As great as they are, chocolate chip cookies and snickerdoodles sometimes feel tired. They’re reliable standards, but the cookie world can be so much more. Therefore, in 2019, Shiri and Jamie will embark on the Great Cookie Challenge – a shared exploit during which we try to make 50 new-to-us cookies. Grab a glass of milk and your spirit of cookie adventure.

If I had time to make every cookie in America’s Test Kitchen The Perfect Cookie (2017), I probably would. Although my coworkers would probably kill me. Or make me buy them new pants. I will, in all likelihood, be purchasing a copy of this book once my library loan runs out (and I’m trying very hard to keep that to a minimum).

Thus, it isn’t shocking that all three of these cookies are from the aforementioned, and all turned out wonderfully.

Pumpkin Whoopie Pies

So here’s the thing: I actually like pumpkin. Not just the fake, Thanksgiving season syrup stuff (and I’m a basic enough bitch to admit I like that too), but actual pumpkin. When we lived in Portland, as with the mushrooms I mentioned in 100 New Recipes Week #4, I loved going to the farmer’s market to check out the varietals and talking to the growers about the best ways to use each of them.

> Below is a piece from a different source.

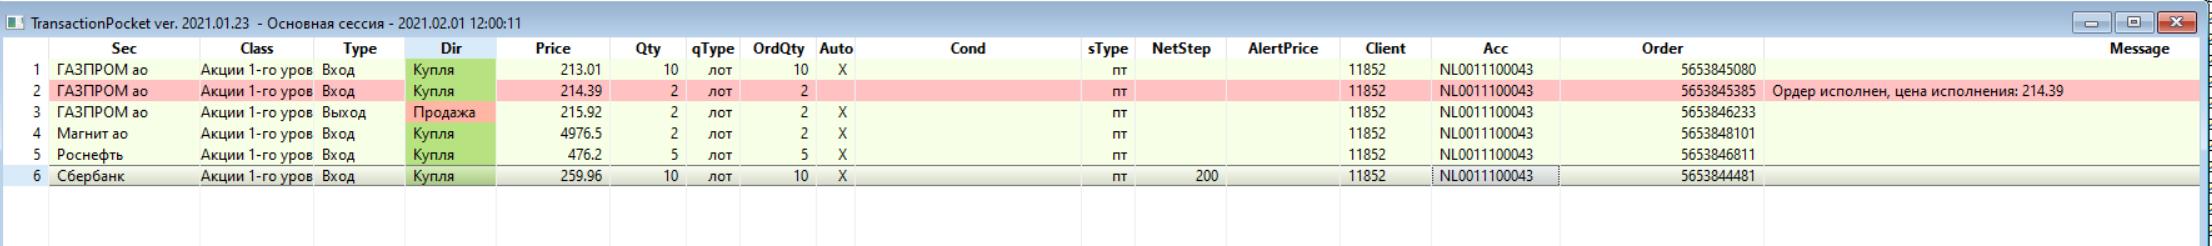 Карман-сделок-transactionPocket-окно-скрипта-акции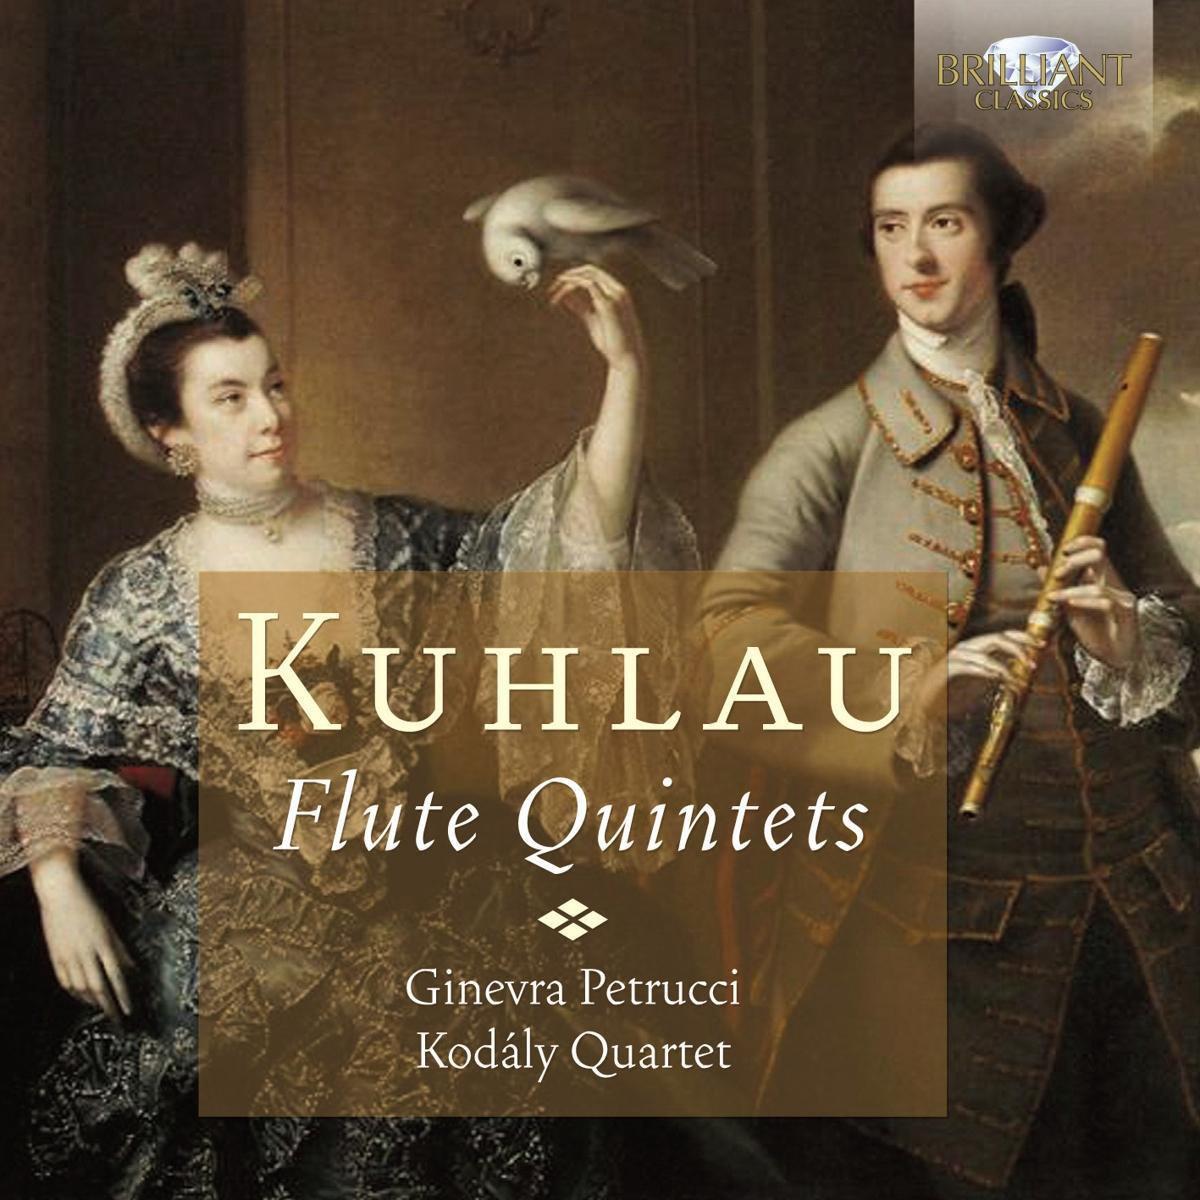 Kuhlau: Flute Quintets - Ginevra Petrucci

Kabocha, technically a squash but sweeter than butternut or acorn, ended up being my favorite and can be used in almost everything from Thai curry to pie. But they’re tragically difficult to find on the East coast.

All that to say, I’ll grab any chance I can find to try recipes that utilize this much maligned, oft-abused gourd in ways that show off its true potential. By true potential, I mean in a manner in which you can actually taste it, something this lovely, little sandwich cookie does. Not too sweet, utilizing cinnamon, allspice, and cloves, which enhance the earthiness and richness of pumpkin rather than covering it, and adding the perfect accompaniment of cream cheese frosting. I ate several of these after they were done, which, as I’ve mentioned, isn’t something I usually do.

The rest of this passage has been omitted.